● What needs to be done: One exact copy of the listing is needed. It should contain no pictures.

● Given data:
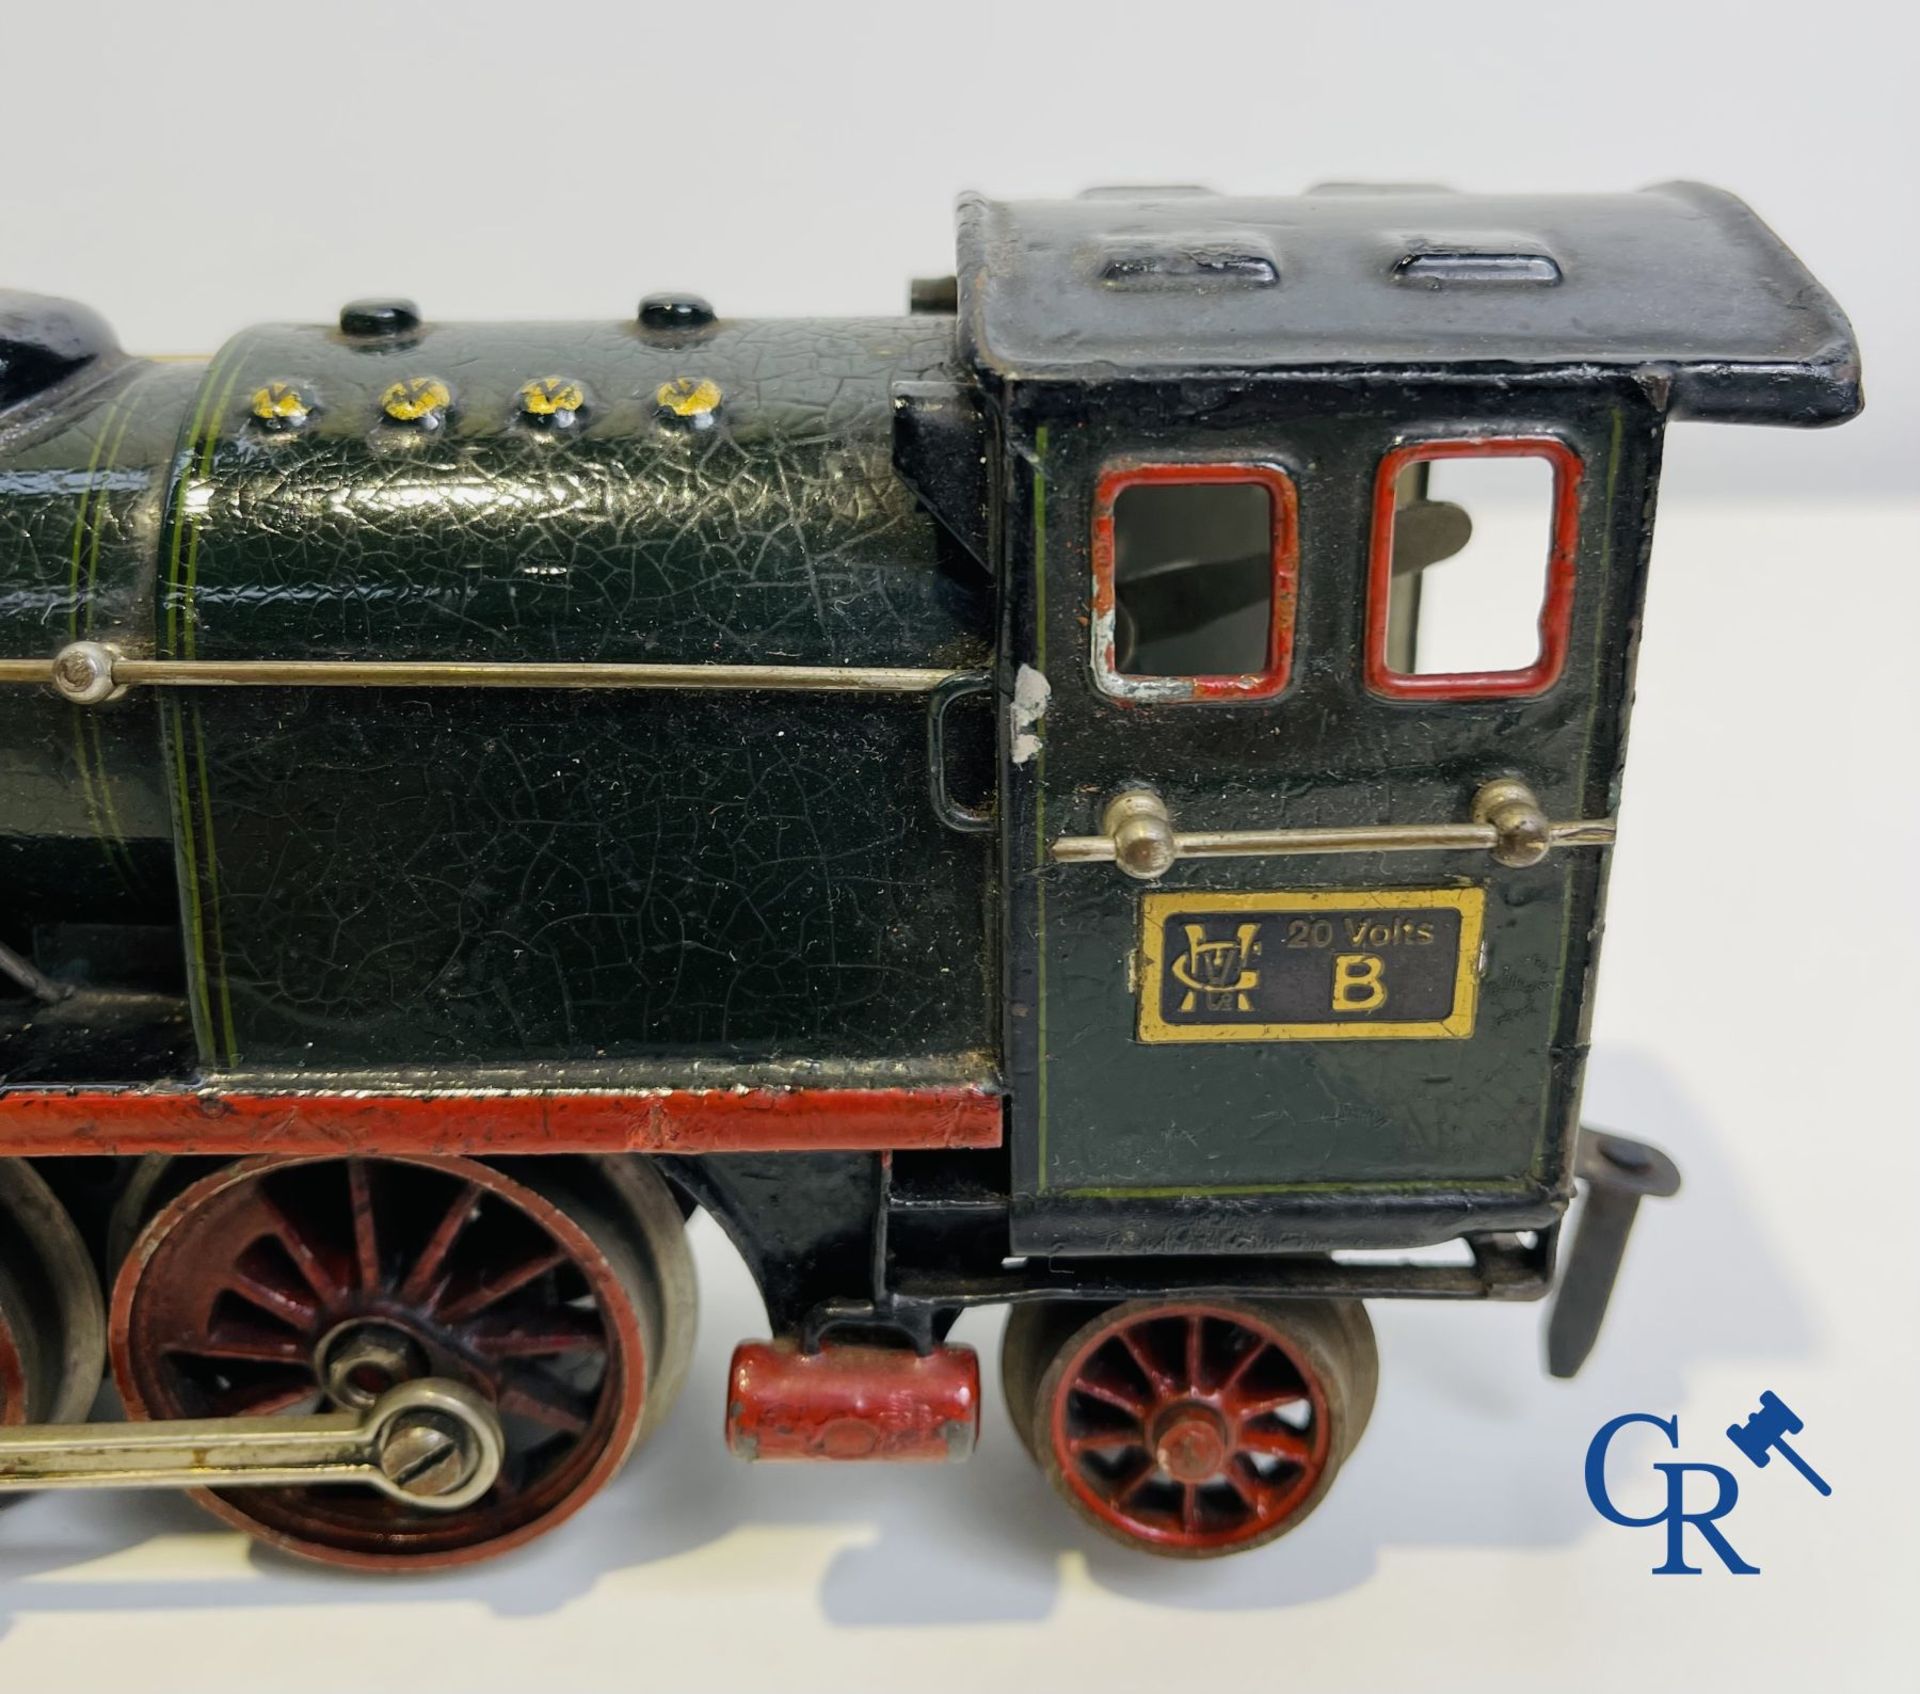 Old toys: Märklin, Locomotive with towing tender and dining car.
About 1930. - Bild 3 aus 32
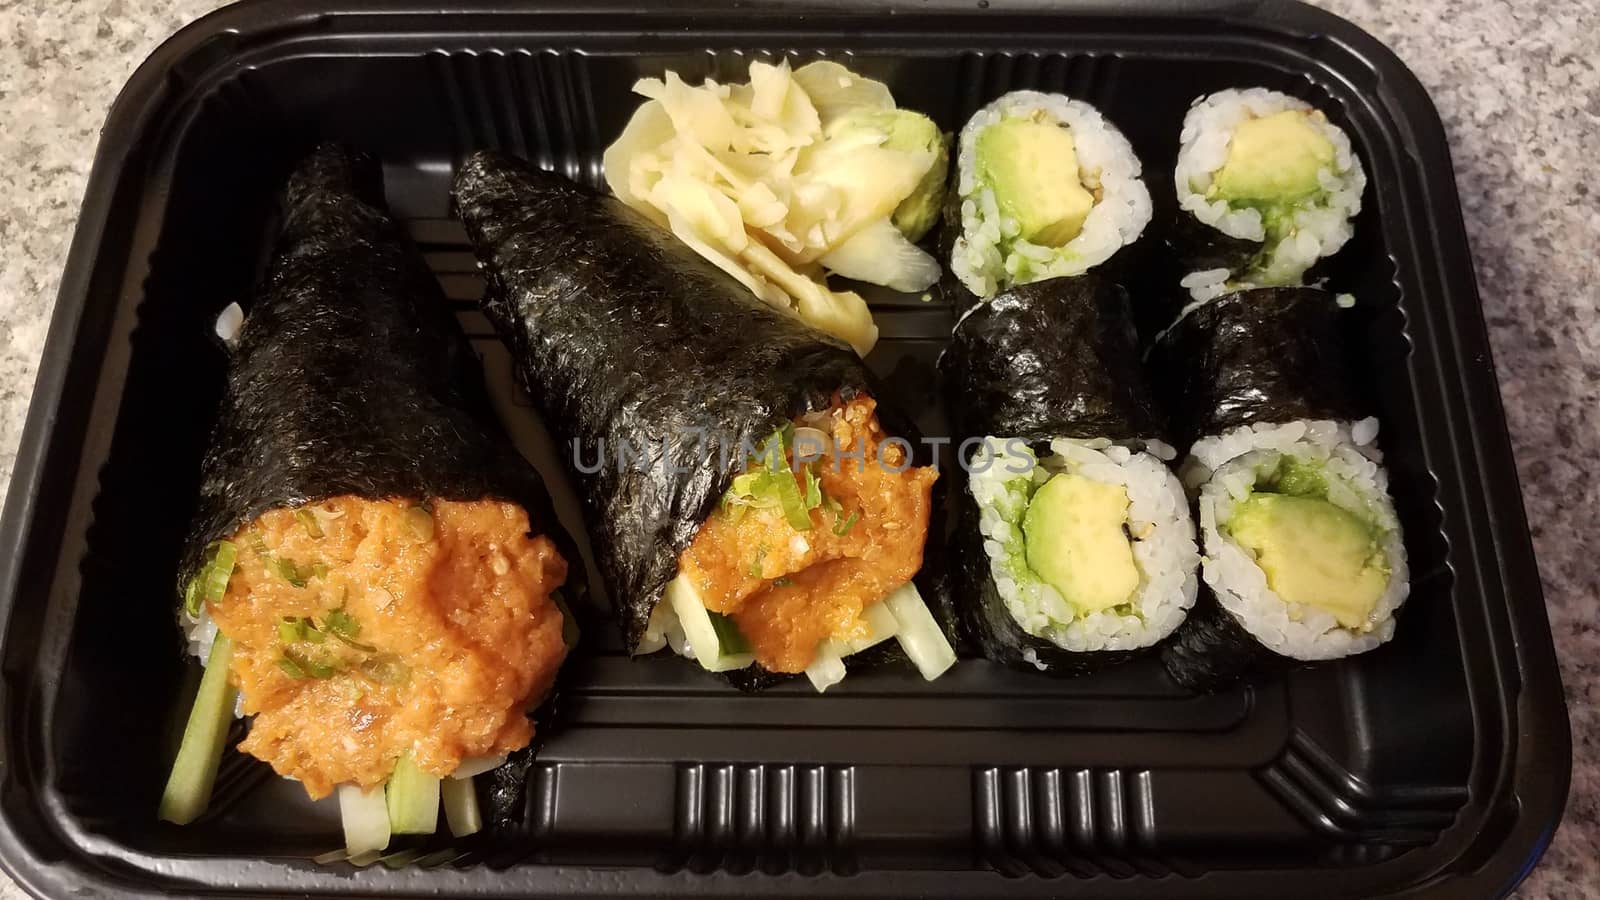 spicy tuna and handroll and avocado sushi in container on counter

● Response box:
 Old toys: Märklin, Locomotive with towing tender and dining car.
About 1930. - Bild 3 aus 32
 spicy tuna and handroll and avocado sushi in container on counter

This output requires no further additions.